Comment déjouer la peur ?

Dans la continuité du dossier « Vivez-vous Peur ou Amour ? » (Article Les deux courants d’énergie : Peur et Amour), je propose ici des éléments de compréhension pour aller vers l’Amour, ici Amour s’entend comme un ressenti universel embrassant la confiance en soi, en la vie, une acceptation de la nouveauté et une capacité d’adaptation. Cette énergie « Amour » est en chacun de nous, elle est parfois comme le soleil caché derrière de gros nuages gris, il s’agit de la retrouver.

Je propose de comprendre comment se construit l’énergie dominante de Peur. Comment elle s’insinue en soi de façon subtile jusqu’à ne plus la conscientiser et comment elle crée nos vies entières. Il s’agit ici de PRENDRE CONSCIENCE de ses fonctionnements, étape indispensable pour ensuite les transformer. Après cette compréhension, il y a de forte chance pour que vous ayez envie de vous débarrasser de cette énergie de Peur pour créer celle d’Amour.

Un monde en mouvement

« Il n’y a qu’une chose qui ne change pas, c’est le changement ».

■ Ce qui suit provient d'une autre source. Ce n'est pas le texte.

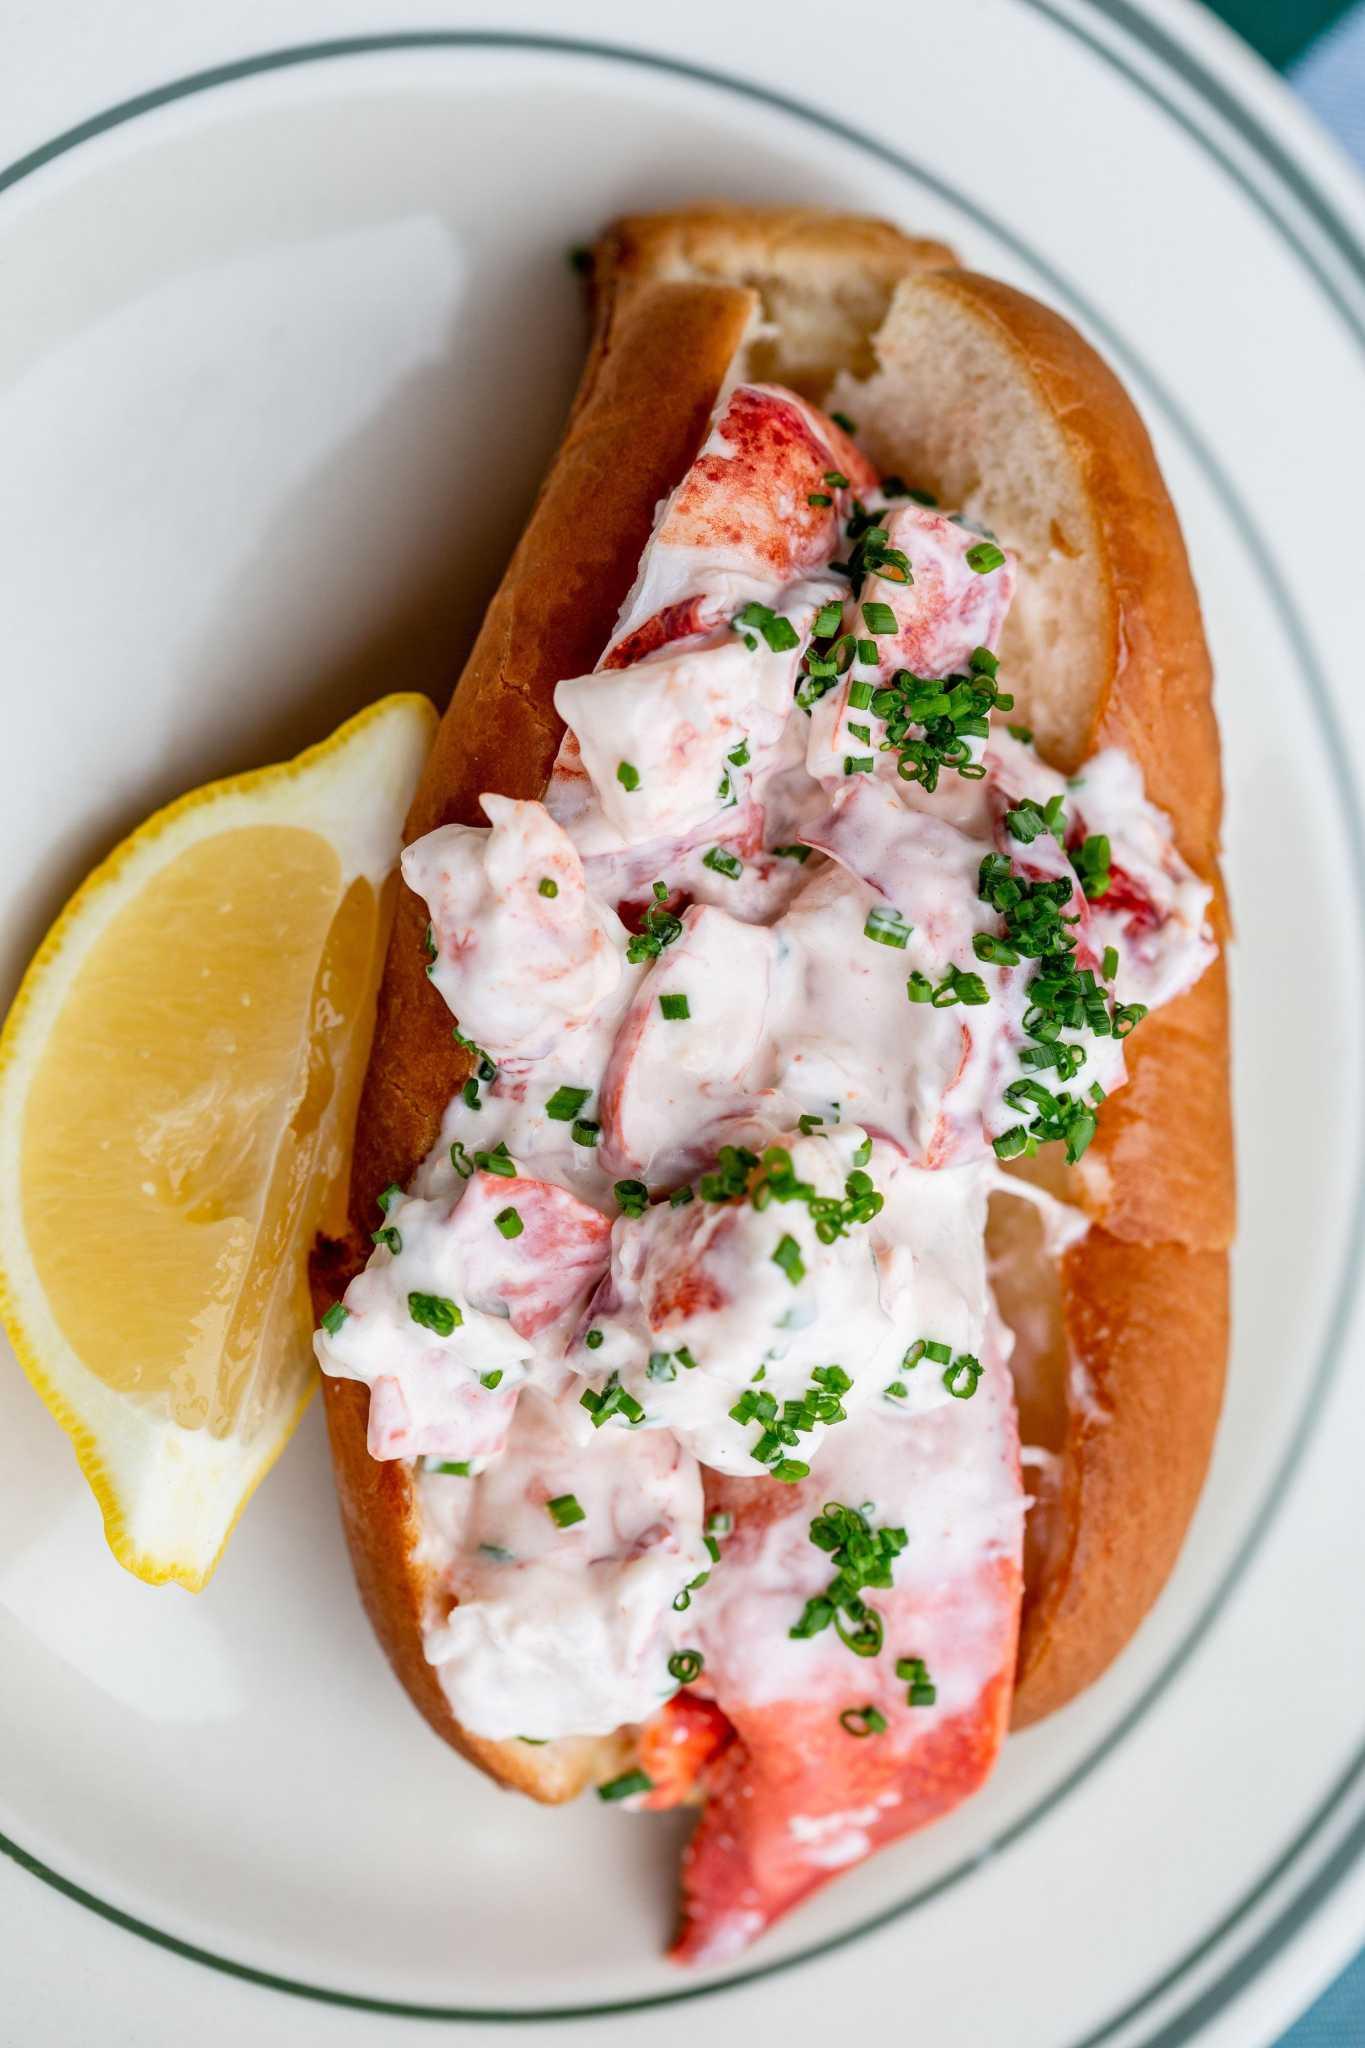 Lobster rolls are summer's most indulgent sandwich

C’est un fait rien ne demeure jamais, la vie est IMPERMANENCE. C’est dans ce monde que nous devons tenter de trouver notre équilibre et nous épanouir. Ce n’est pas un challenge facile : nous ne savons ni d’où nous venons, encore moins où nous allons, ni quand. Nous ignorons de surcroît le sens et le but ultime. La maladie, la mort peuvent survenir à chaque instant. Dans ce contexte fluctuant, il est donc logique que l’humain cherche à se sécuriser dans un lieu, dans des habitudes d’actions et de pensées. Comme un socle, nous définissons notre territoire environnemental (maison, famille, amis, loisirs, travail, croyances religieuses etc.) pour créer des repères, sur lesquels s’appuyer pour réaliser ses projets. Cette création de repères est un réflexe naturel de survie.

Comment survivre dans ce monde en mouvement continu ?

Mère Nature est toujours protectrice. Elle a inventé un système de navigation très élaboré : nos émotions. Ici, il s’agit de la peur. 
La peur est un système physiologique indispensable à la survie permettant de prévenir et s’adapter au danger : augmentation du rythme cardiaque, oxygénation des muscles, sens en éveil, fabrication d’adrénaline, cortisol pour donner de la force. Le but est la production de comportements adaptatifs face au danger : attaque/défense, fuite ou immobilisation. La peur a une visée éphémère, une fois le danger passé, elle disparaît. Elle est donc très utile pour informer des RÉELS dangers liés à la survie.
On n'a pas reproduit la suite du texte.